Andrzej Jerzy Zglejszewski (/pl/ (born December 18, 1961) is a Polish-born Catholic prelate who has served as an auxiliary bishop for the Diocese of Rockville Centre in New York since 2014.

==Biography==
===Early life and education===
Andrzej Zglejszewski was born on December 18, 1961, in Czarna Bialostocka, Poland to Tadeusz and Anna Zglejszewski. He has a sister Ewa. Deciding to become a priest, Zglejszewski studied philosophy and theology in his home town.

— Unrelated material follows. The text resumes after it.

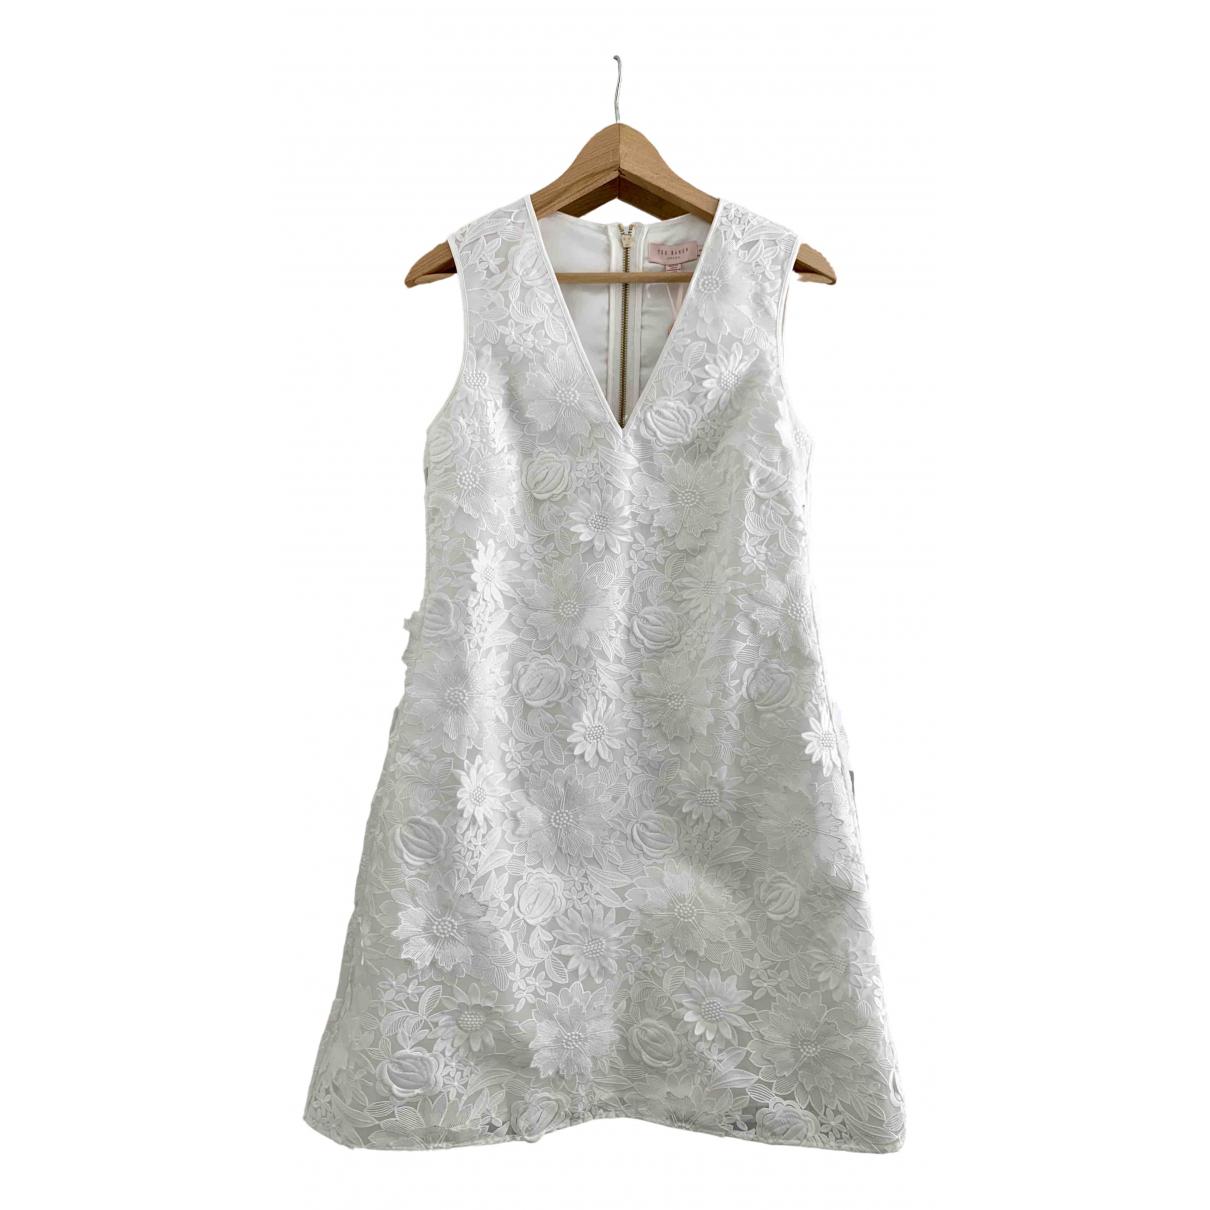 Ted Baker \N White dress for Women 1 0-5

Zglejszewski moved to the United States in 1987 and finished his studies for the priesthood at the Seminary of the Immaculate Conception in Huntington, New York.

=== Ordination and ministry ===
Zglejszewski was ordained a priest for the Diocese of Rockville Centre by Bishop John R. McGann on May 26, 1990, at Cathedral of Saint Agnes in Rockville Centre. Zglejszewski later studied sacramental theology at the Catholic University of America in Washington, D.C., and theology at Fordham University in New York City.

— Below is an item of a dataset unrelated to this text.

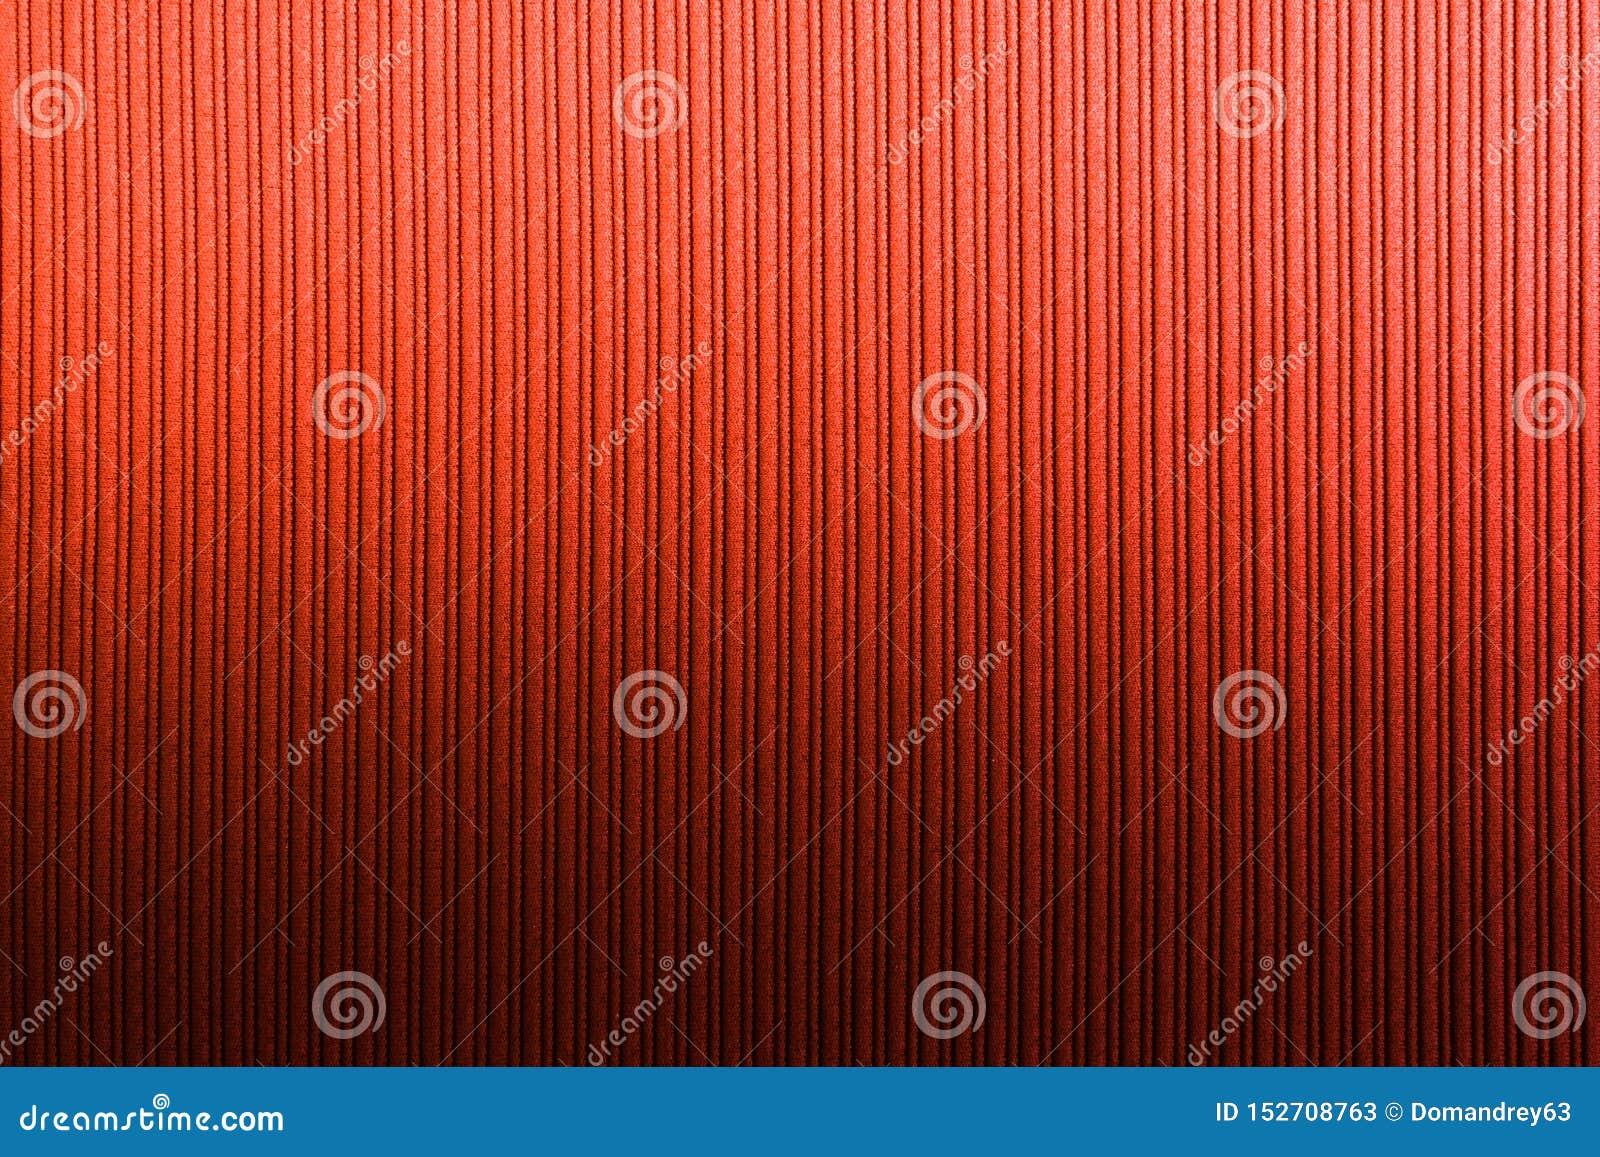 Cor alaranjada vermelha do fundo decorativo, inclina??o vertical da textura listrada wallpaper Arte Projeto

After his 1990 ordination, the diocese in 1991 assigned Zglejszewski as associate pastor at St. Christopher Parish in Baldwin, New York. He was transferred in 1995 to serve as assistant pastor at St. Thomas the Apostle Parish in West Hempstead, New York.After working at St. Thomas for seven years, Zglejszewski in 2002 was appointed pastor at St. Rose of Lima Parish in Massapequa, New York.

Zglejszewski left St. Rose in 2007 after Bishop William F. Murphy appointed him as director of the Office of Worship for the diocese and as the co-chancellor. Zglejszewski also served as an adjunct professor teaching in the diaconate formation program at Immaculate Conception Seminary.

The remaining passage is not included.